Maternity discrimination and a personal take on parental leave | Howells Solicitors

Maternity discrimination and a personal take on parental leave

It has long been the case that employees who are pregnant or on maternity leave are protected from discrimination or being dismissed because of their pregnancy or maternity leave. But for every respectable employer treating pregnant employees with decency, there are others that think that maternity leave is nothing but an inconvenience.

The Department for Business, Innovation and Skills and the Equality and Human Rights Commission published a report on pregnancy discrimination in the workplace. Some of the main findings of their research are staggering:

• 11% reported they had been dismissed, made redundant or been treated so badly that they had to resign after notifying their employer of their pregnancy
• 20% said they had experienced harassment because of their pregnancy
• 27% of employers felt pregnancy put an unreasonable cost burden on the company
• 68% of mothers made flexible working requests and of those requests that were approved, 51% of them said that they felt they were treated negatively because of this.

Howells employment and discrimination team regularly handle pregnancy discrimination claims. But whilst there is legal protection for pregnant employees and those on maternity leave, it was estimated that only 1% of women would pursue a discrimination claim. This may well be due to the fees involved for seeking legal advice.

Howells Solicitors provides discrimination advice under the Civil Legal Advice scheme, as one of only three specialist providers nationally. This legal help scheme offers free legal assistance to those who are financially eligible.

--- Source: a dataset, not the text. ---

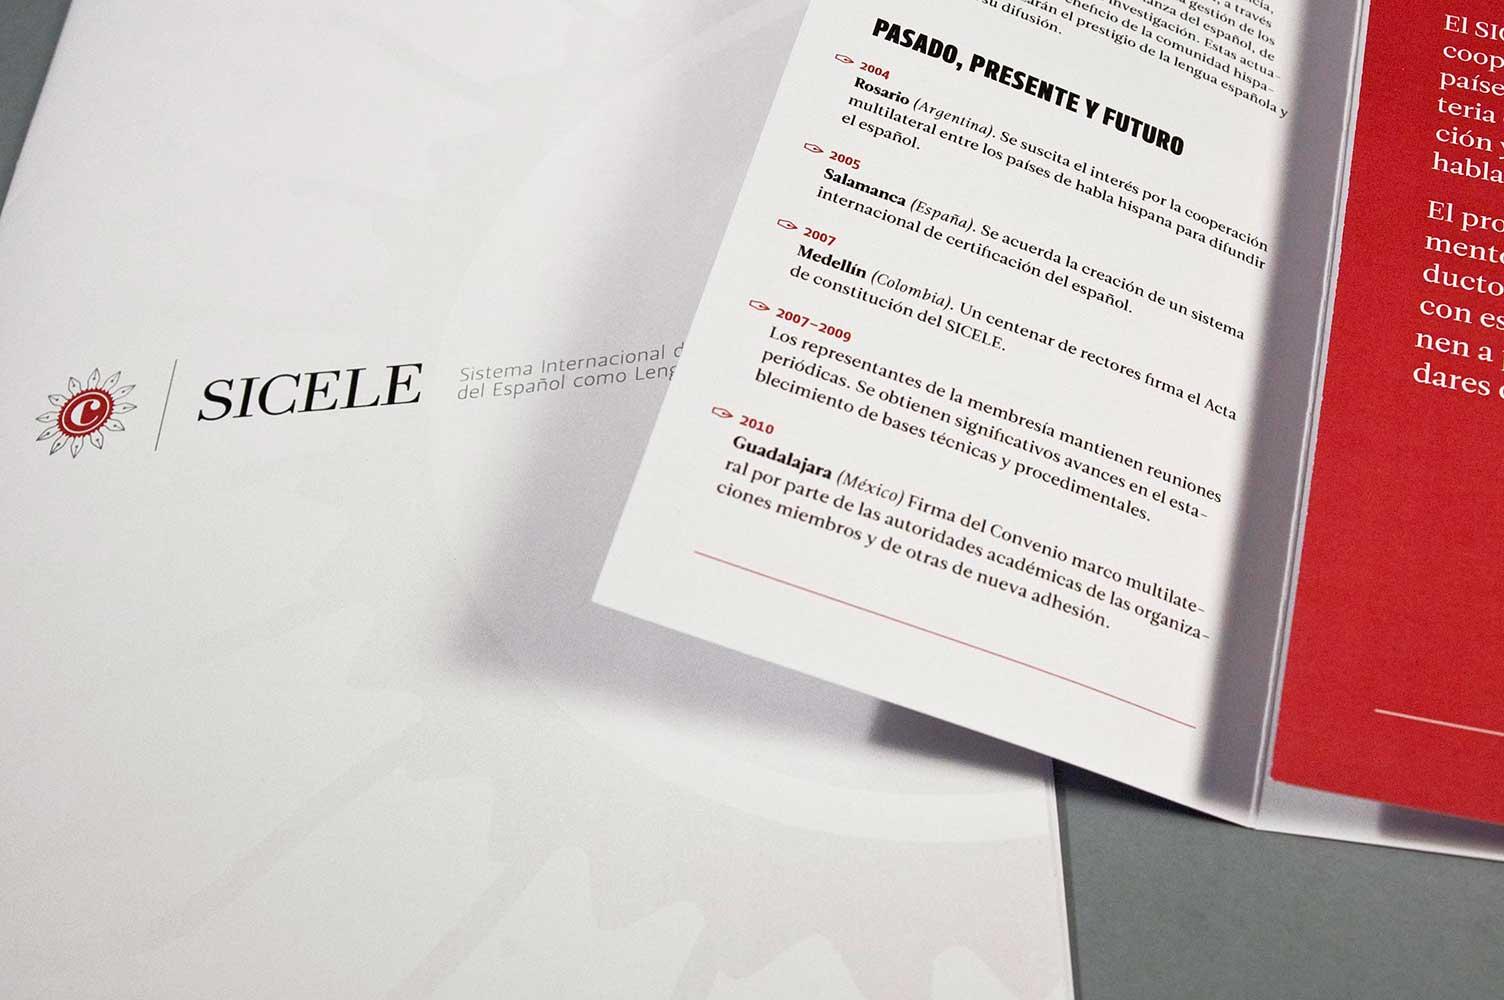 Manual de identidad SICELE

As the workplace is changing, businesses need to be more agile as flexible working is becoming common place. More often than not, employers tend to find that permitting flexible working increases loyalty, morale and productivity.

Personally, I have, thankfully, recently had a positive experience of parental leave. While often the arrival of a new baby is associated with the mother taking 9 -12 months maternity leave and the father having 2 weeks paternity leave, a new scheme was introduced in 2014 – shared parental leave. This summer, I embarked on a 3 month period of shared parental leave. To have this opportunity to take this precious time off is one I could not turn down. I’m a pioneer for shared parental leave within the firm. Take up nationally has been very low – data from HMRC shows that only 3,000 couples took SPL in the first quarter of 2016, which equates to 2% of those families in which the mother took maternity leave during this time.

I can only be thankful for Howells being supportive in the way that all employers need to be in the modern world. The roles of men and women are changing, the set routine of a 9-5, Monday to Friday working week are changing and now is the time for employers to adapt and I can only encourage them to do so for the benefit of not just their employees but their business as well.